Stocks dropped in the third quarter and are expected to have their worst year since the 2008 financial crisis. The S&P 500 decreased by 4.9% in the third quarter bringing the year-to-date decline to about 20%. Through nine months, the stock market is having its worst start to a calendar year since 2002. The Bloomberg Barclays US Aggregate Bond index (Agg), which acts as a proxy for the investment-grade bond market, declined by 4.8% in the quarter, bringing the year-to-date drop to about 14%. The Agg had – by far – its worst ever start to a calendar year since inception of the index in 1976. Shares of the iShares Core U.S. Aggregate Bond exchange-traded fund, which tracks investment-grade bonds, lost 5.3% during the quarter and are down 16% in 2022, on pace for its worst year in data going back to 2004.
Retail investors are staying on the sidelines too. According to a poll from the American Association of Individual Investors, bearish sentiment – the expectation that stock prices will fall over the next six months – rose to its highest level since March 2009.
Individual investors matter a lot – to both the economy and market growth since the share of household wealth that comes directly or indirectly from held stocks hit a high of nearly 42% through the end of 2021, more than double what it was 30 years ago, according to Federal Reserve data.
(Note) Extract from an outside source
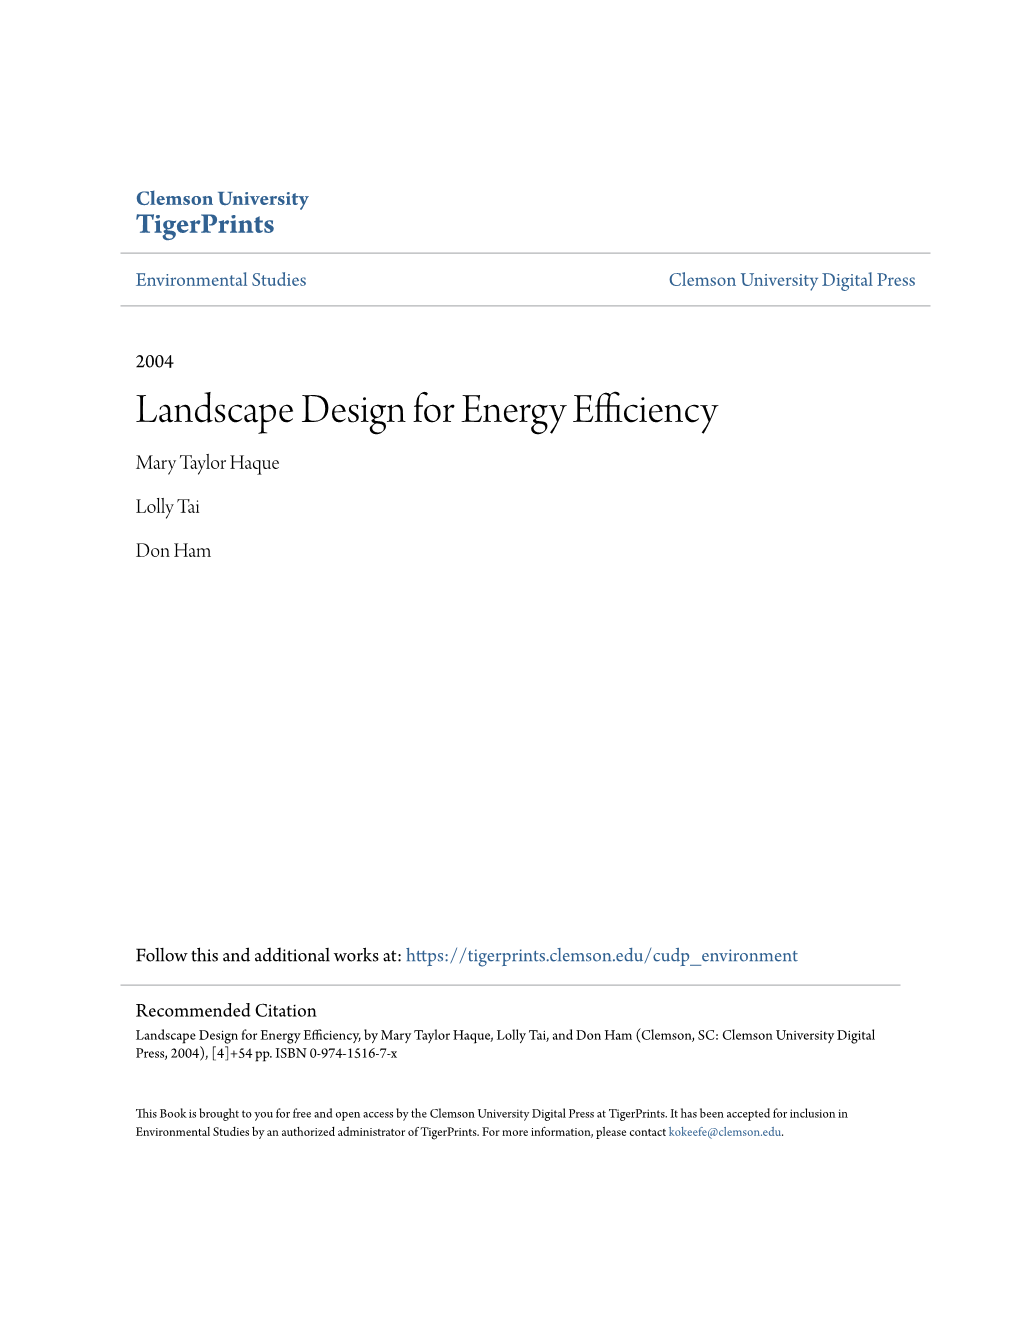 Landscape Design for Energy Efficiency Mary Taylor Haque

Changes with retail investor wealth has a ripple effect. When stock prices fall as they have through much of 2022, the economy sputters as well since stocks and consumer confidence are historically linked. As stocks fall, people cut spending. A drop in spending slows sales growth and makes share prices less attractive compared to future earnings. That triggers a market reaction that cuts into consumer wealth.
It’s hard to say what 2023 will bring, but many economists worry about a recession as the Federal Reserve continues to increase interest rates to combat inflation. Economic performance has been difficult to predict because supply chain disruptions that have led to volatile swings in data from quarter to quarter. Fed rate increases are expected to keep the housing market in the doldrums, but could cool inflation, a key to turning around the gloomy economic picture. Data from a University of Michigan survey shows inflation is cutting into consumer demand for big-ticket purchases like cars or large household goods and appliances.